說你一句,怎么這么大脾氣。平時說你的還少了?小心眼。梧惠在心里嘀咕。
莫惟明看她的時候,臉上沒有絲毫笑意。這般反常讓梧惠覺得別扭。雖說,應該是回到現實沒錯了,可他的表情還是令梧惠感到失真。與夢中的莫醫生相比,他未免太過冷漠,沒有精力去笑一樣。梧惠不知他是累了,還是懶得偽裝,亦或對自己有什么未挑明的不滿。
真的像玉樹所說,他每天都在關注自己嗎?她從這張臉上可看不出半分關切。再怎么講,這么久的交情,至于給自己擺臉色呢?他根本不知道梧惠在夢的世界里經歷了什么,做出了多大的努力。原本梧惠是那么想說給他聽。看這德行,她忽然興趣全無。

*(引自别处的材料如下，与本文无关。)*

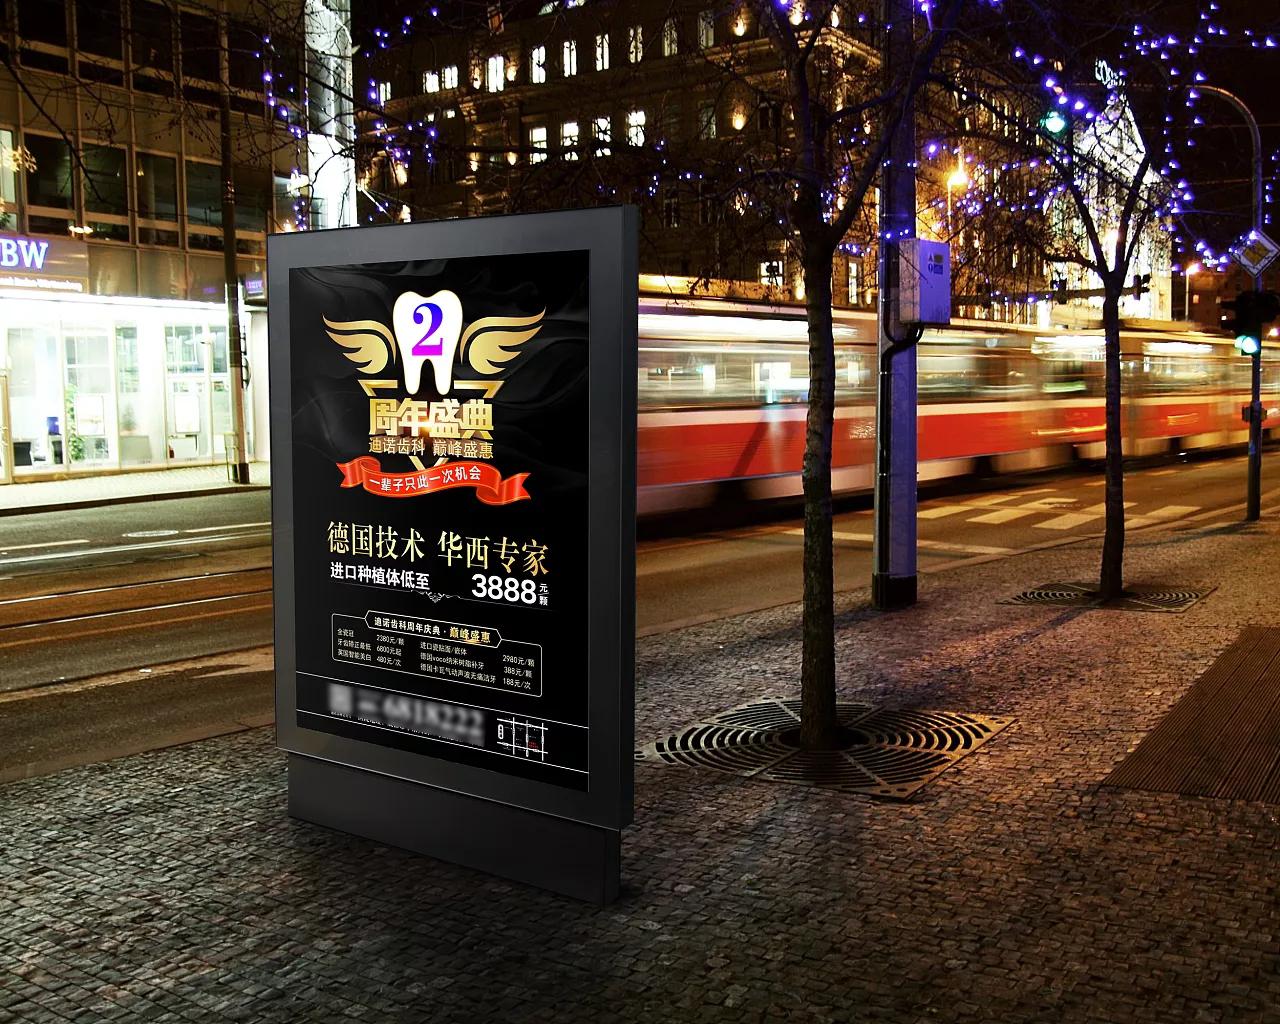 网络广告设计网站广告弹窗广告视频广告H5广告旗帜广告浮动广告
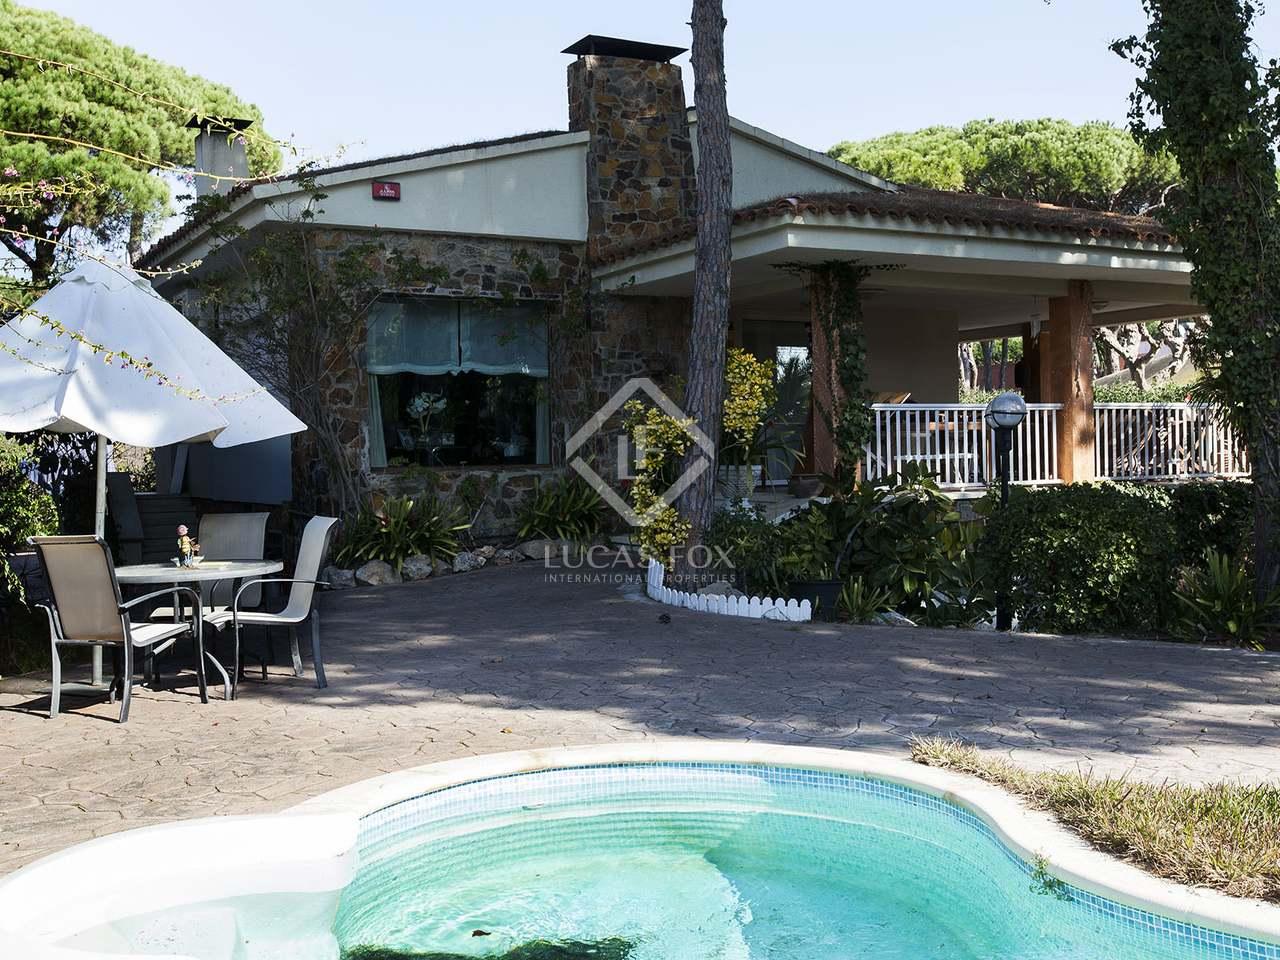 Villa unifamiliar cerca de la playa en venta en castelldefels Villa jardin donde queda

“誰讓你去那個地方的?”他仍用那漠然的表情冷冷地問。
“哪里?”
面對莫惟明的質問,梧惠先是愣了一下,然后反應過來,他說的應該是拍賣會。梧惠一時哽住,有點心虛,但又有點生氣。
“關你什么事。”梧惠沒好氣地說,“我昏睡這么久,醒來不是讓你拷問的。”
莫惟明發出沉重的嘆息。隨后,他將一杯水放在她的床頭柜上。坐在床上的梧惠先前沒有注意他手里拿著什么,現在的眼神才放緩和些。莫惟明看到杯子旁玫瑰,神情有一絲細微的變化。想來,他一定也知道這意味著什么了。
他將花抓過來,折成兩段,丟進垃圾桶里。轉過身時,梧惠看到莫惟明指尖滲出兩滴血珠,但他似是毫不在意。梧惠心緒復雜地端起杯子,喝了一口。
“噗——”她差點全噴出來,“怎么是……”
“用葡萄糖配的,比上次的更有效。你別浪費了。”
對這種人說句感謝的話實在是太困難了——主要是他自己不給別人機會。
梧惠還是決定細說之前的事。
“當時是……墨奕那孩子想去。”她又補充道,“我可不是推卸責任。只是,當時每一步看上去都很正常,也不知道怎么就發展得那么危險。”
“人被騙子下套的時候,也覺得每一步都很正常。非要等襪子都被騙走才覺得不對?”
“她也、也沒騙我。”梧惠看向一邊,“而且我也不愛穿襪子。”
“你有病吧。”
兩人大眼瞪小眼地僵持了一陣。這陣古怪的沉默,以梧惠的一聲嘆息終結。
“那,其他人的消息呢……”
“你床頭是前天的報紙,自己看吧。”他說,“我老早就給你放到那兒了。還是你們報館自己報道的。”
梧惠默不作聲地將報紙扯過來。果不其然,最醒目的板塊是那晚的突發狀況。這篇文章是啟聞寫的,字句通順,措辭講究,看得出平時只是因為不想寫才推給她。
內容十分寫實。大意說,拍賣會接近尾聲時,霏云軒意外失火,警方對人群進行了疏散。火勢及時得到控制,無人員傷亡……除一人陷入昏迷。現場已被封鎖,具體原因仍在調查。
第二張報紙則是昨天印的,但描述的是拍賣會上的情況,沒有對火災進行更多報道。這篇內容才應該是第一天報道的,只是被火情搶了版面,便被安排到了次日。